In our work supported by the NGI-Search project, we have achieved several advances in searching, discovering and accessing information about our digital devices. We have a digital product passport (DPP) that shows a history of all hardware configurations a device (a chassis) has or had over a lifespan, with the same chassis and serial but with perhaps different components due to repair, reconfiguration, upgrades, remanufacturing. We record key events of each product item’s lifespan and provide a public record for accountability.
We keep a so-called digital twin for the circular management of ICT devices. The digital information is kept in two sources, one database with details about each action and the documents that detail them, and a ledger or accounting book that builds on append-only storage (organized as a blockchain) so past events cannot be changed.
The DPP is a concept developed by the European Commission for the Sustainable Product Initiative and ecodesign (ESPR). Below there is a video demo of it.

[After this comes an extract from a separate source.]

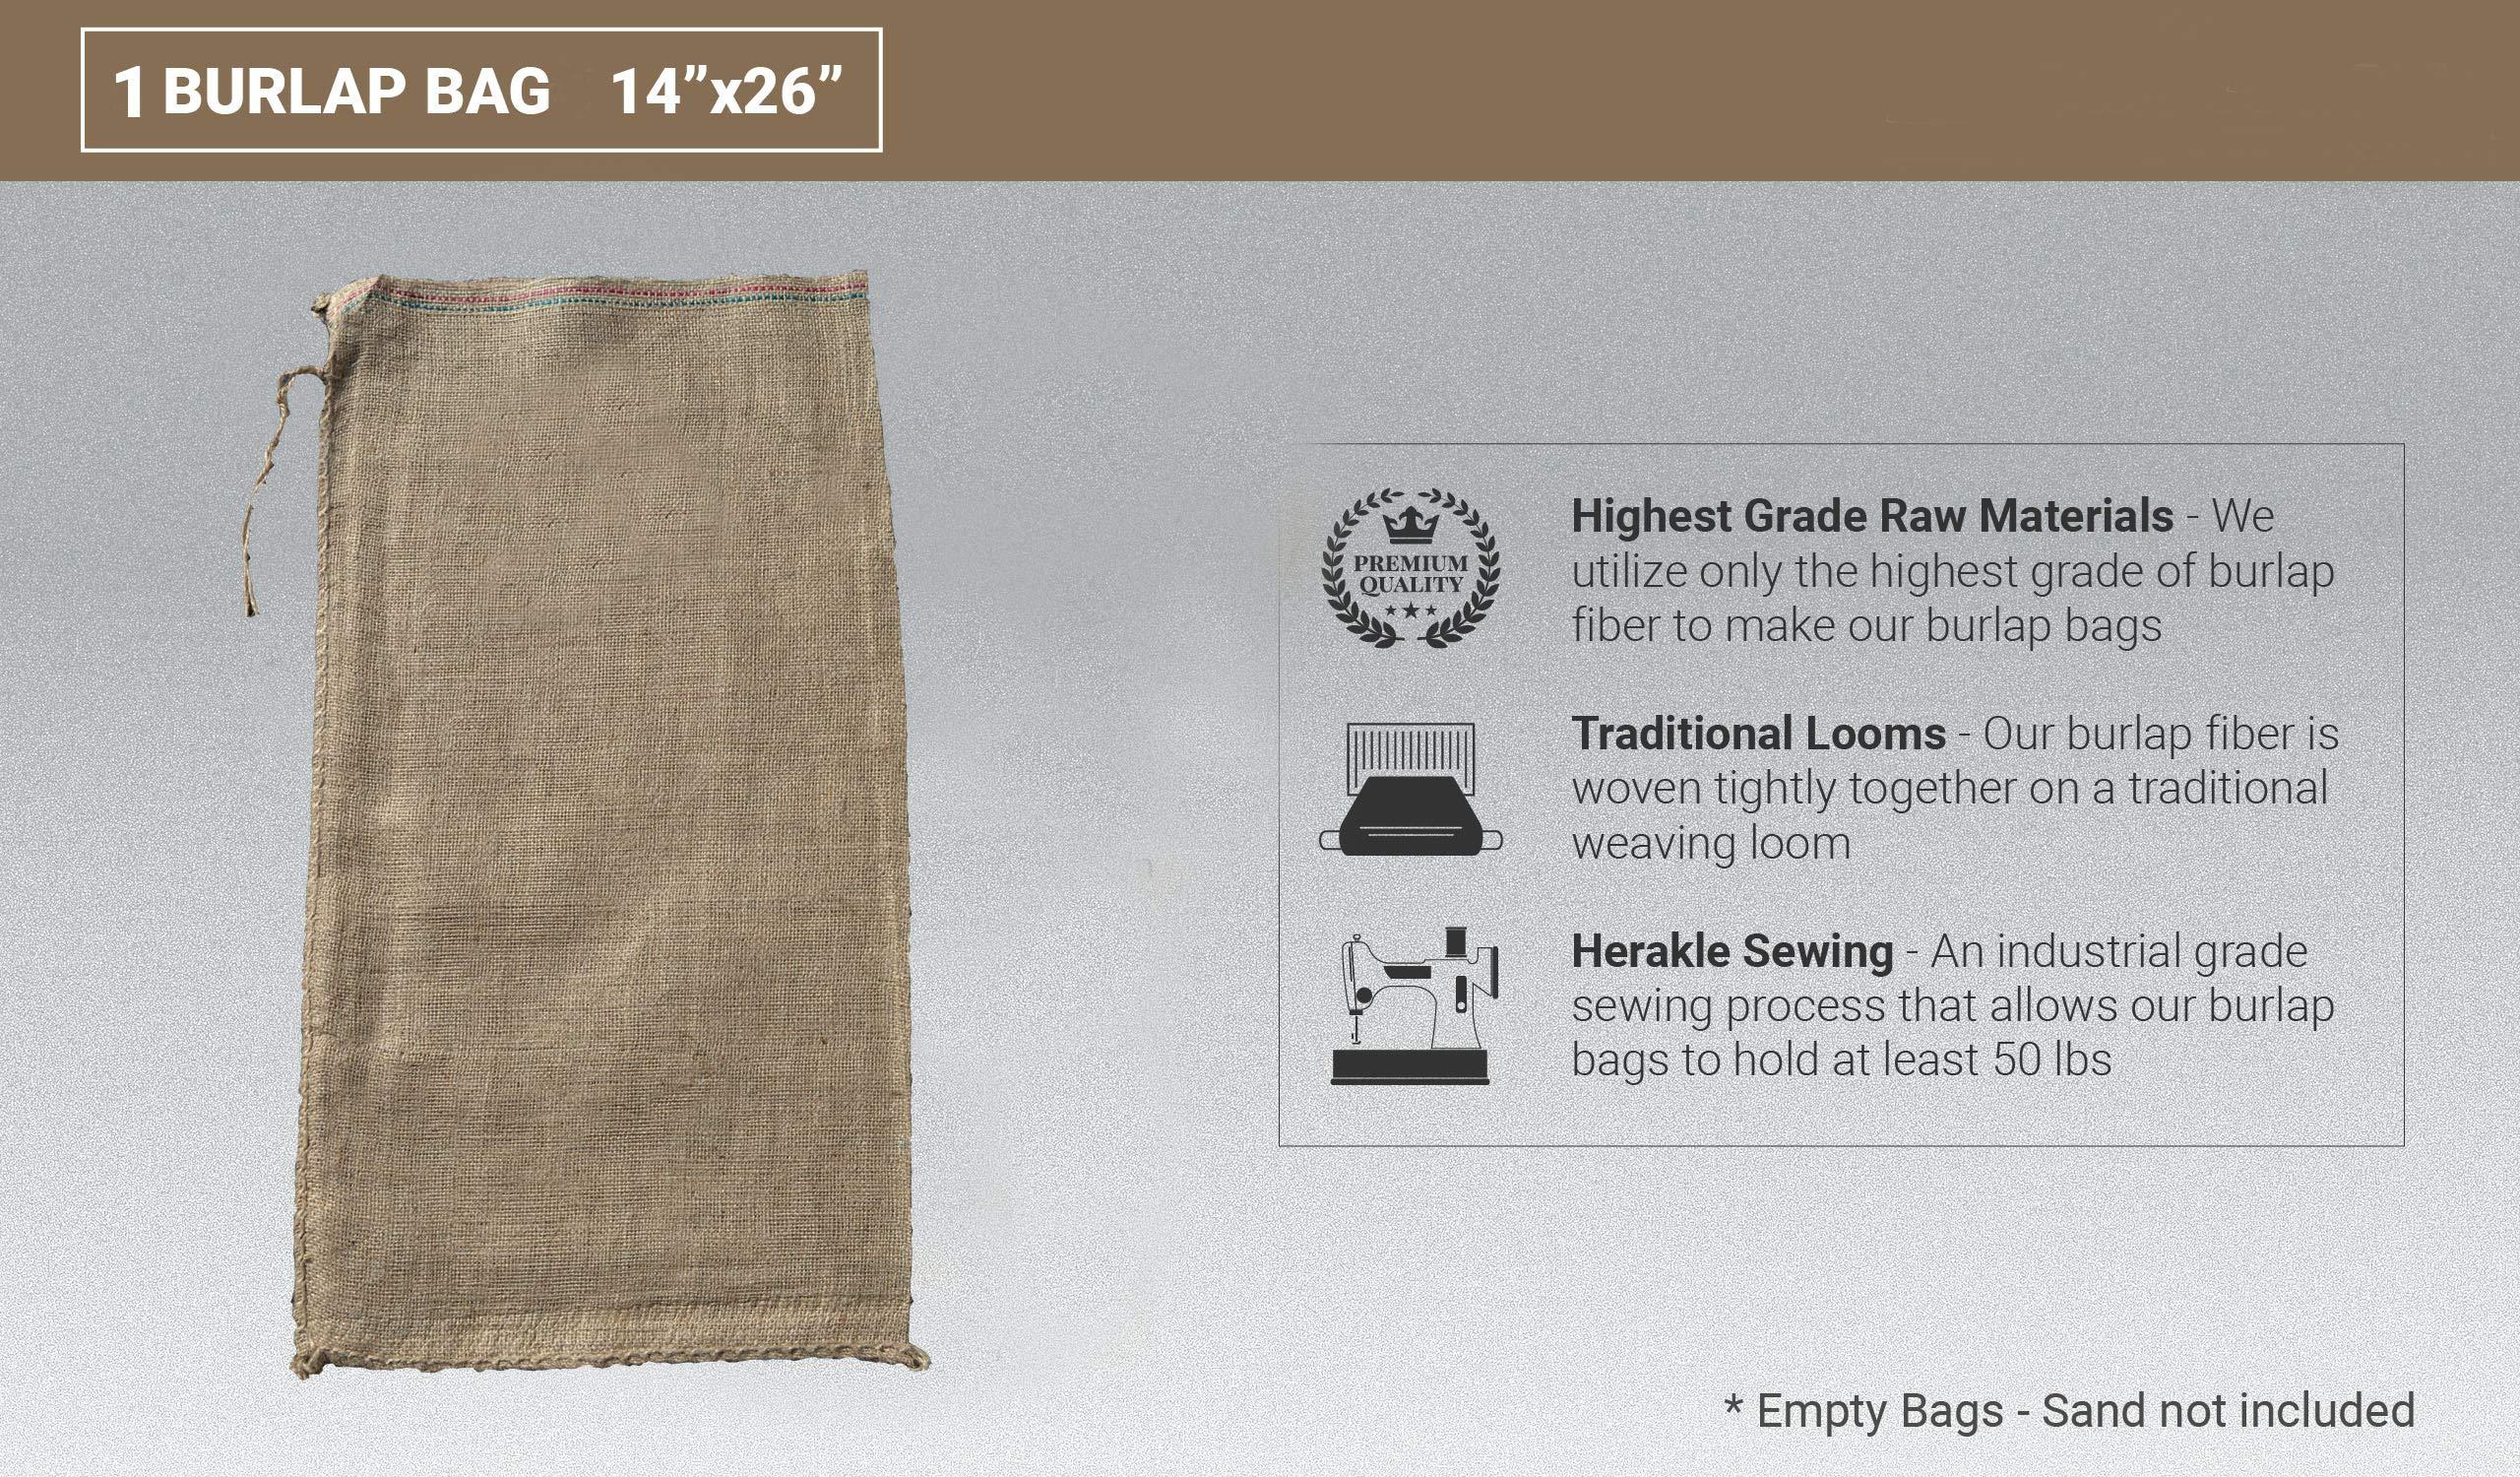 Sandbaggy Burlap Sand Bag - Size: 14'' x 26'' - Sandbags 50lb Weight Capacity - Sandbags for Flooding - Sand Bag - Flood Water Barrier - Water Curb - Tent Sandbags - Store Bags (1 Bags) by Sandbaggy (Image #2)

A DPP search engine is an required component of the ESPR. The links in the figure and video below point to a separate DPP registry prototype where product models are registered as a requirement to enter the EU market.
The coins surrounded by a recycling logo represents, implemented as an ERC20 smart contract, a token deposit left by the manufacturer as part of an extended producer responsibility (EPR) scheme, under the principle of “the poluter pays”. Manufacturers leave a deposit according to each product items entering a national market. This deposit waits for years until an accredited professional recycler records a proof of recycling, and auditor validates the processing and proofs, and then automatically and inexorably the deposit is transferred to that recycler, completing the process. Of course, all of these lifespan events are registered in the ledger, providing a transparency log of the circular economy of digital devices.
The software system will be released in March 2024.